→ Exercise instructions
Among the entries that follow, locate the line with "Red Scare Racism" and the line with "ZOTAC GTX 650 Ti AMP 2GB DDR5 (Bandung)". Output those lines and all lines in between, exactly, minus the pictures.

(Provided information begins)

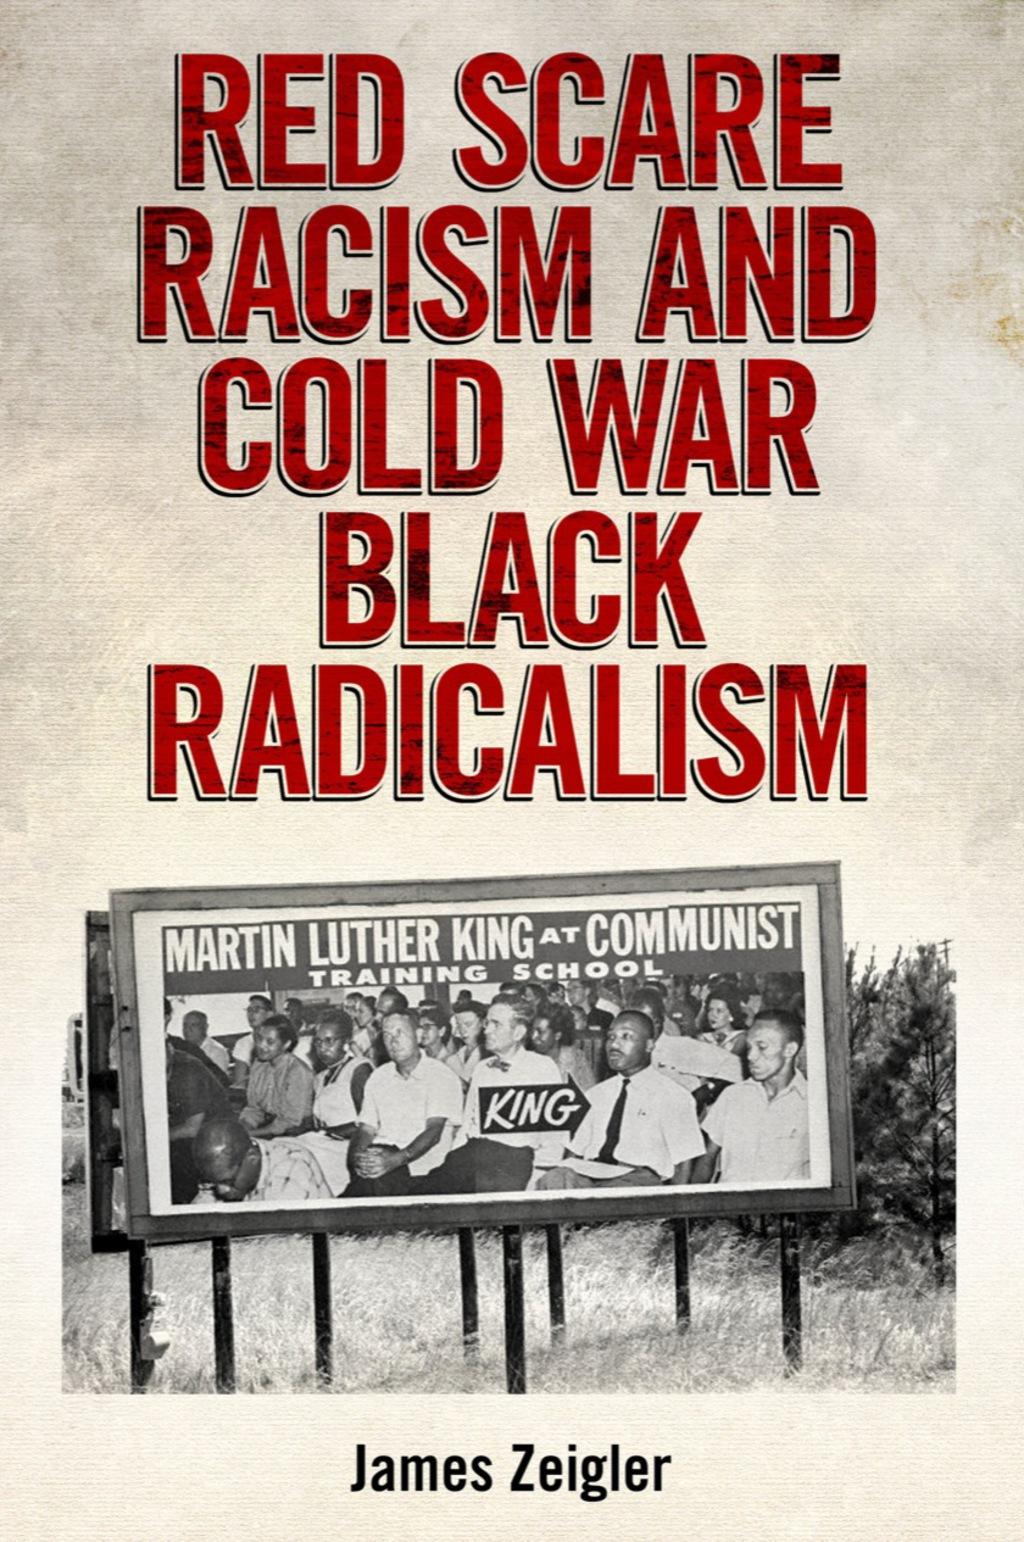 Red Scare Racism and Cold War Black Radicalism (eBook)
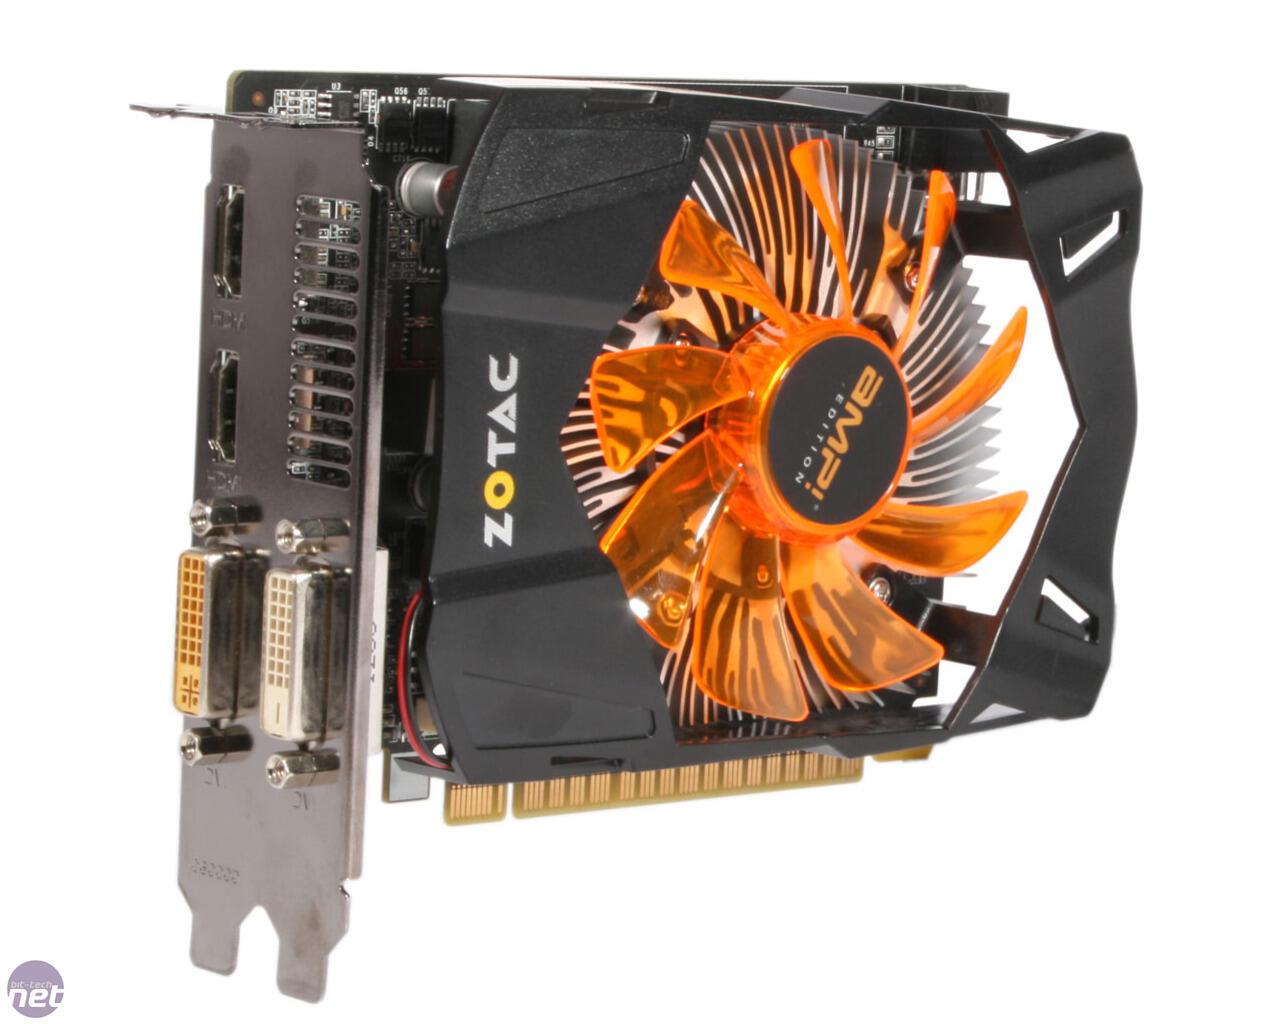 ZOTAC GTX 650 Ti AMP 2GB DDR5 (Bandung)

(Provided information ends)
(Provided information begins)

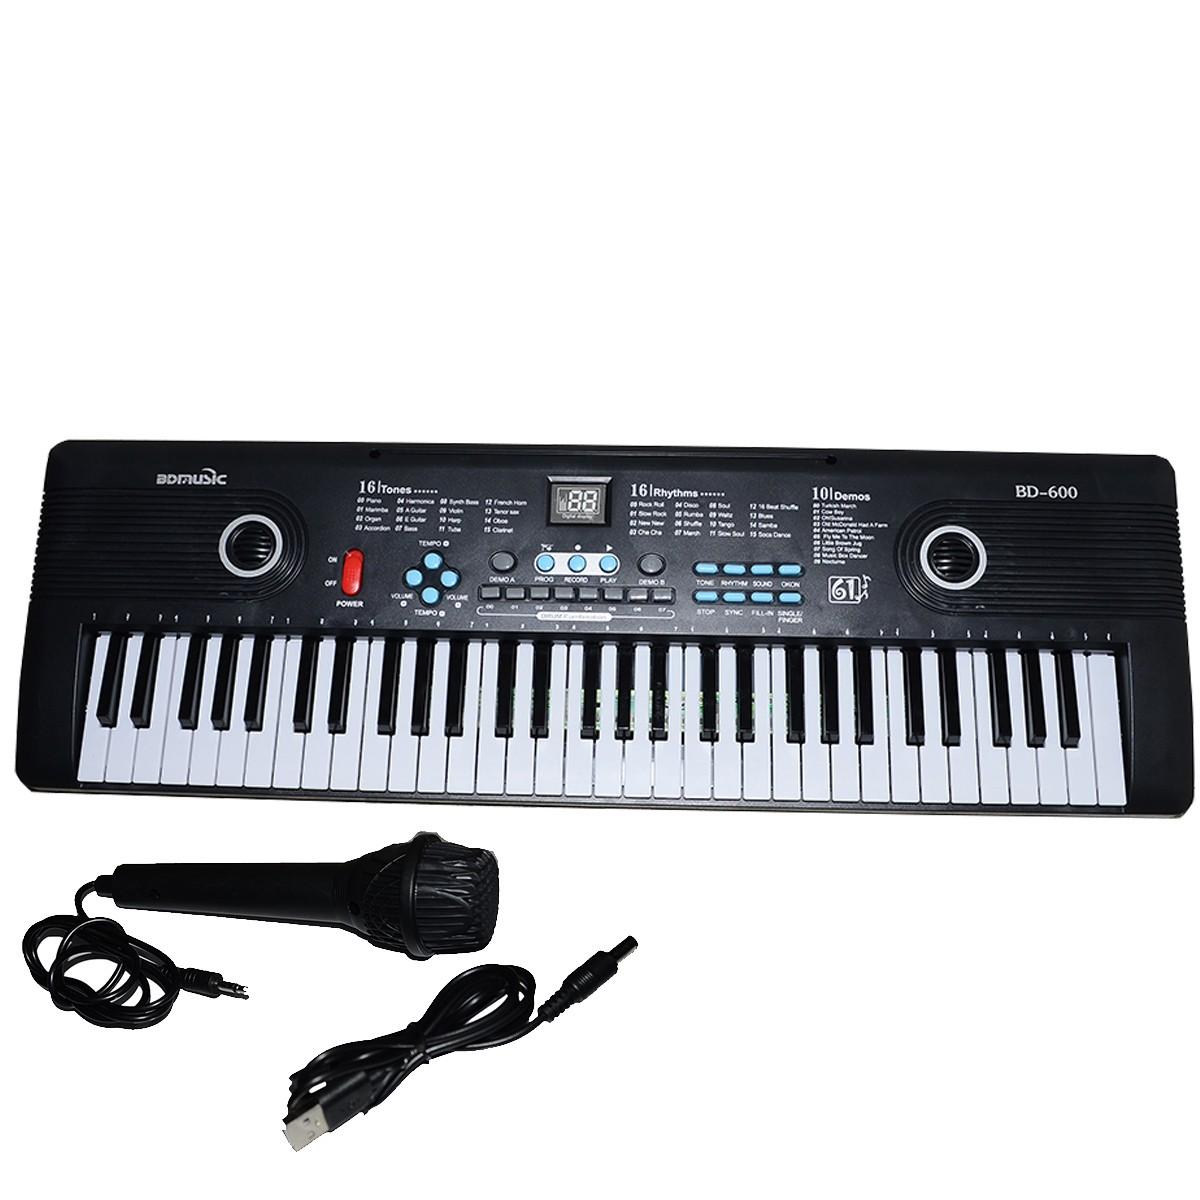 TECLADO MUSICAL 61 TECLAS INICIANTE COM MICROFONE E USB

(Provided information ends)
(Provided information begins)

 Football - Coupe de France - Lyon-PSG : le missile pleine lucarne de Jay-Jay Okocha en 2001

(Provided information ends)

→ Response to the exercise
 Red Scare Racism and Cold War Black Radicalism (eBook)
 ZOTAC GTX 650 Ti AMP 2GB DDR5 (Bandung)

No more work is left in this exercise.